For the apple filling:
2 medium apples
1 tbsp flour
For the cake batter:
120g butter, at room temperature
170g sugar
1 tbsp vanilla sugar
2 eggs
120g Greek yogurt
240g flour
1 ½ tsp baking powder
½ tsp baking soda
1 tsp cinnamon
½ tsp salt
240ml Rosport classic sparkling water
For the topping:
60g flaked almonds
35g brown sugar
½ tsp cinnamon
Makes 1 cake in a 23cm Springform
Preheat the oven to 170C fan.
Start by peeling and coring the apples, then cut them into 1 cm chunks. Set aside.

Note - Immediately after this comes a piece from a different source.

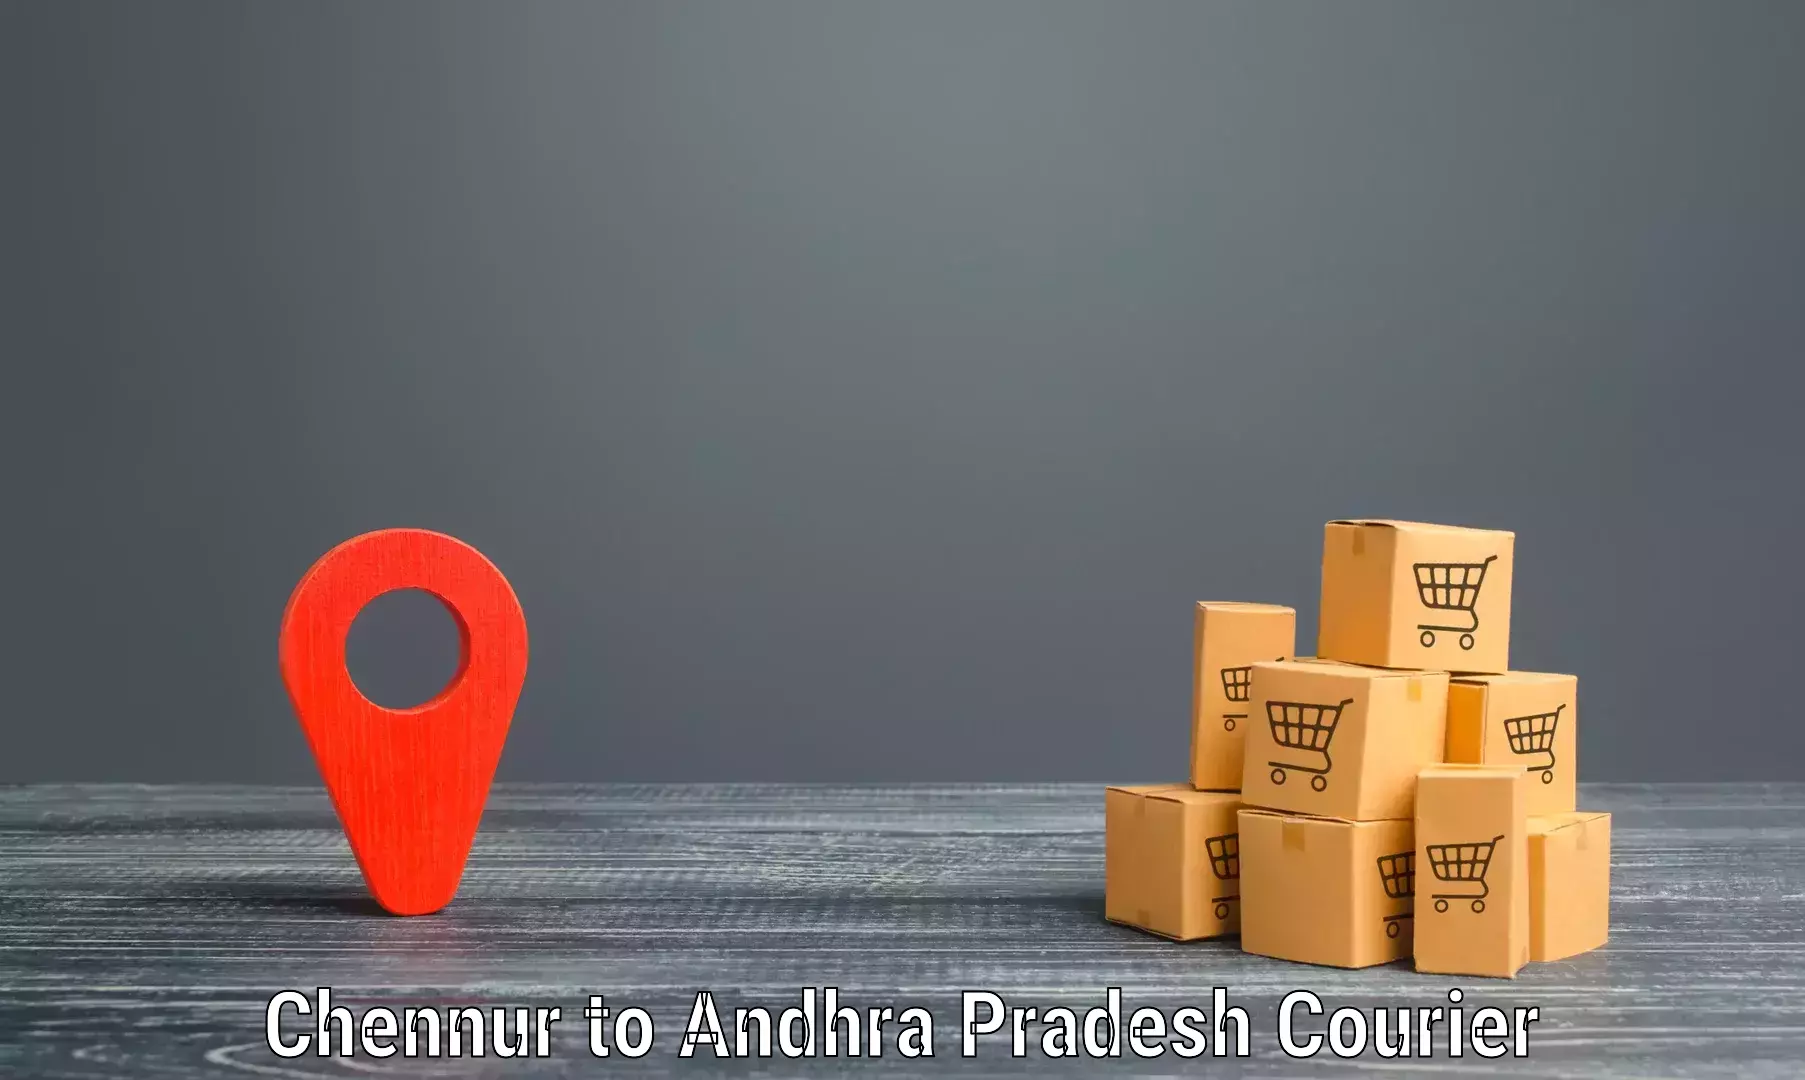 Expedited parcel delivery in Chennur to Yerravaram

Put the butter, sugar and vanilla sugar in a bowl and whisk until pale and fluffy. Add the eggs, one at a time, and beat between additions. Add the Greek yoghurt and mix again briefly.
In a separate bowl, mix the flour, baking powder, baking soda, cinnamon and salt. Fold the dry ingredients through the wet ingredients, making sure not to overmix. Pour the sparkling water in the dough while whisking.
Toss the apples in 1 tablespoon of flour and fold through the batter.
Pour the batter into a 23cm Springform lined with baking paper.
In a medium bowl, combine the flaked almonds, brown sugar and cinnamon, and sprinkle over the cake.
Bake the cake for 50 minutes. Put on a wire rack to cool completely before removing from the Springform and serving.